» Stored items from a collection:

********************

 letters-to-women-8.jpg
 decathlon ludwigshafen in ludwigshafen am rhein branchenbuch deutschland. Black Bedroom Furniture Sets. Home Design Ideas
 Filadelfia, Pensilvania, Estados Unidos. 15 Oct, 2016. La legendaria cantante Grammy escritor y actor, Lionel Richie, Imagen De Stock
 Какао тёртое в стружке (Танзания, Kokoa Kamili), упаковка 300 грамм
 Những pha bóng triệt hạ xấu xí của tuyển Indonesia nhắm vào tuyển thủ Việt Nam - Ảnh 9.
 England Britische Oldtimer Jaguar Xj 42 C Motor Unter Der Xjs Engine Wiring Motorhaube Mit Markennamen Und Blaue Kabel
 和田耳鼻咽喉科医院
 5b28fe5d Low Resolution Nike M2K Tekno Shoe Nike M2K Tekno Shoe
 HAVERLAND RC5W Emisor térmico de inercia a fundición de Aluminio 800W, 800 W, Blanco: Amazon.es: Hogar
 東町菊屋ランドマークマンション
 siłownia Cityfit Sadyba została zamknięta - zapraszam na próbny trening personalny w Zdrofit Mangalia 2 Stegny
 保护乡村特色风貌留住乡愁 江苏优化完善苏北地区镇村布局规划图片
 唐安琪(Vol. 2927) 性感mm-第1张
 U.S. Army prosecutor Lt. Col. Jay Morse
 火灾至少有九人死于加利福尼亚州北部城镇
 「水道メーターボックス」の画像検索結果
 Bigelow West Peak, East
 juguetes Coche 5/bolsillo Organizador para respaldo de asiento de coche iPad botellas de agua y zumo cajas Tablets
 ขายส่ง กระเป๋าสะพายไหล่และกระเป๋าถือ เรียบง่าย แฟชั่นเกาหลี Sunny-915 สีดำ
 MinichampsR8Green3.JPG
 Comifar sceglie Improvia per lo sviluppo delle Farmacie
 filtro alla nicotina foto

********************

» EXERCISE PROMPT: All lines from the opening of the records through the line where "東町菊屋ランドマークマンション" occurs are to be output verbatim. No other line belongs in the answer.

» RESULT OF THIS EXERCISE:
 letters-to-women-8.jpg
 decathlon ludwigshafen in ludwigshafen am rhein branchenbuch deutschland. Black Bedroom Furniture Sets. Home Design Ideas
 Filadelfia, Pensilvania, Estados Unidos. 15 Oct, 2016. La legendaria cantante Grammy escritor y actor, Lionel Richie, Imagen De Stock
 Какао тёртое в стружке (Танзания, Kokoa Kamili), упаковка 300 грамм
 Những pha bóng triệt hạ xấu xí của tuyển Indonesia nhắm vào tuyển thủ Việt Nam - Ảnh 9.
 England Britische Oldtimer Jaguar Xj 42 C Motor Unter Der Xjs Engine Wiring Motorhaube Mit Markennamen Und Blaue Kabel
 和田耳鼻咽喉科医院
 5b28fe5d Low Resolution Nike M2K Tekno Shoe Nike M2K Tekno Shoe
 HAVERLAND RC5W Emisor térmico de inercia a fundición de Aluminio 800W, 800 W, Blanco: Amazon.es: Hogar
 東町菊屋ランドマークマンション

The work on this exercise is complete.